L’intergénérationnel à Albi : s’enrichir des compétences
Située dans le Tarn, la ville Albi fait du numérique, l’un des piliers de sa politique municipale. Elle s’est notamment engagée dans un projet de Smart City, destiné à définir “la ville du futur“, et met à disposition de ses habitants de nouveaux services numériques : des bâtiments intelligents, un mobilier urbain connecté, la wifi en ville, le développement de la fibre optique,… La ville propose également des ateliers, des animations, des conférences à destination de sa population, mais aussi de celle de tout le département, pour diffuser la culture numérique et permettre l’apprentissage et la maîtrise des outils numériques.
La ville fait également le pari de l’intergénérationnel pour la transmission et le partage des savoirs. Entre 2014 et 2016, l’association Logements, Entraide, Génération (LEG) a permis à une quarantaine de binômes jeunes-seniors de cohabiter : des seniors albigeois qui disposaient d’une chambre libre ont hébergé des étudiants ou des jeunes travailleurs en échange d’un petit loyer et de quelques services. Depuis, c’est une start-up qui a pris le relais de l’association. Renforcer les liens intergénérationnels, c’est aussi combler la fracture numérique et réduire les inégalités.
Le label GEN : trouver des réponses pour un futur sans fracture
Initiative du gouvernement en 2015, la création du label Grande école numérique (GEN) est destinée à combler le besoin en compétence numérique des entreprises. Faute d’une offre de formation suffisante en France, de nombreux postes dans les métiers du numérique sont à pourvoir.
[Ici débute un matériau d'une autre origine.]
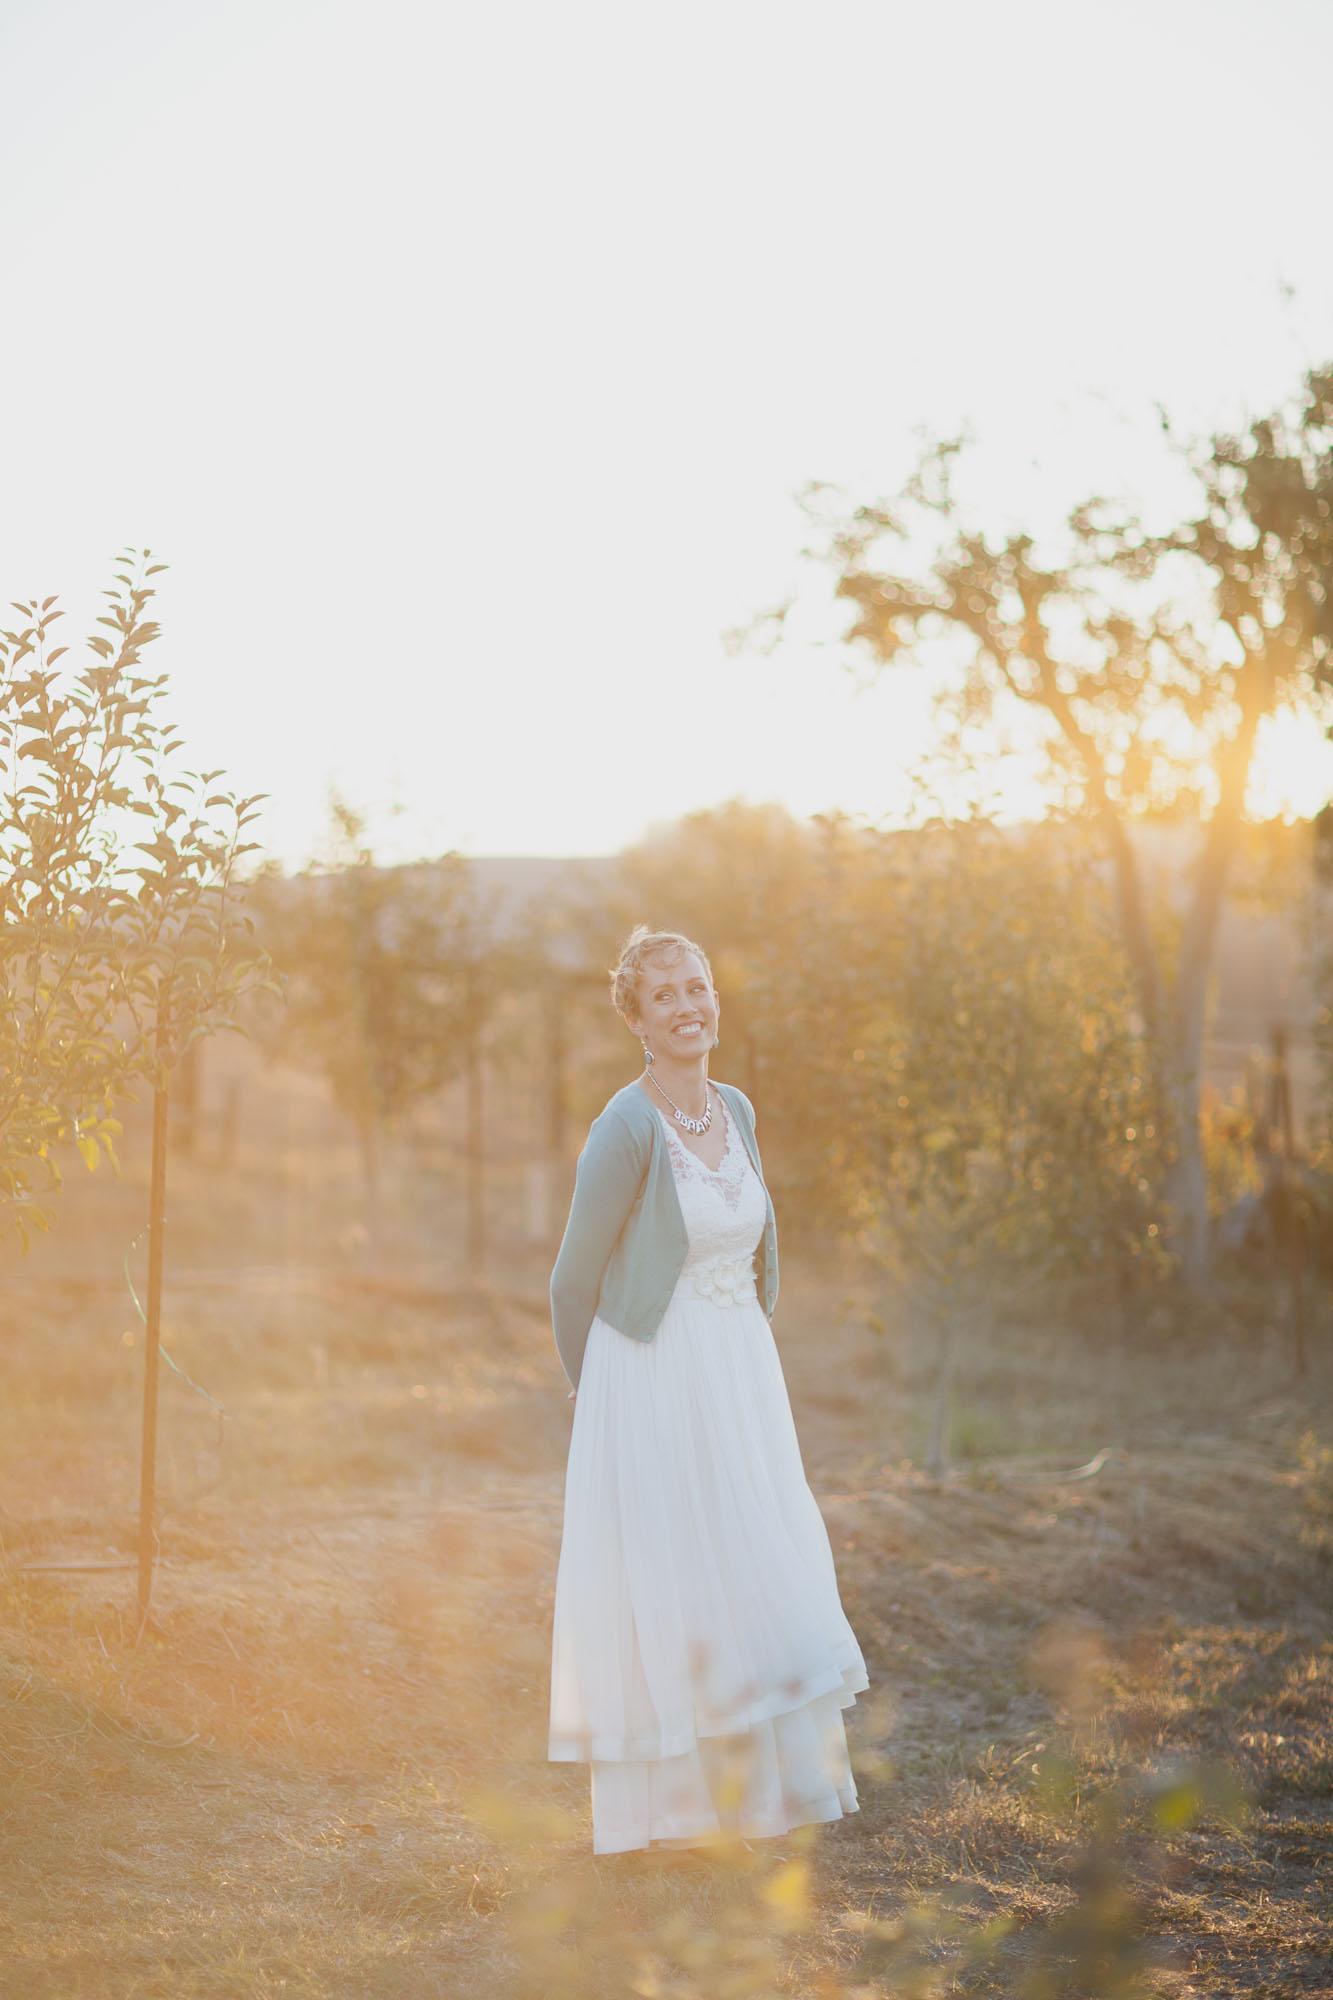 Gretchen_Gause_Petaluma_Olympias_Valley_Wedding_Photo-198.jpg

On estime qu’en 2022, ce nombre atteindra les 191.000.
Depuis la création du label, de nombreuses formations ont pu voir le jour. Certaines se sont fixées comme objectif de combler les inégalités professionnelles. C’est le cas de la start-up Simplon, située à Grenoble, qui propose une formation réservée aux femmes. Faustine Joly, chargée de développement territorial pour Simplon s’en explique auprès de L’Essor : « Elle est exclusivement féminine pour amener dans le numérique des publics qui sont peu représentés, ajouter de la mixité et de la diversité. » C’est le cas également de la société Handigital qui propose une formation au métier de développeur web niveau IV aux personnes en situation d’handicap. Le dirigeant de l’entreprise Fabrice Autissier explique sa démarche : « On va sélectionner des apprenants qui ont des blancs dans leur CV parfois dus à une situation handicap qui s’est contractée en cours de vie ou qui n’ont pas de diplôme car ils n’ont pas eu accès à des structures incluant leur situation de handicap ».
Depuis 2015, le label GEN a permis d’accompagner la création de nombreuses formations numériques. Accordé pour trois ans, ce label offre une subvention pouvant représenter jusqu’à 80 % du budget prévisionnel des organismes, avec un plafond fixé à 80.000 euros par formation. Aujourd’hui plus de 750 formations sont labellisées sur l’ensemble du territoire français.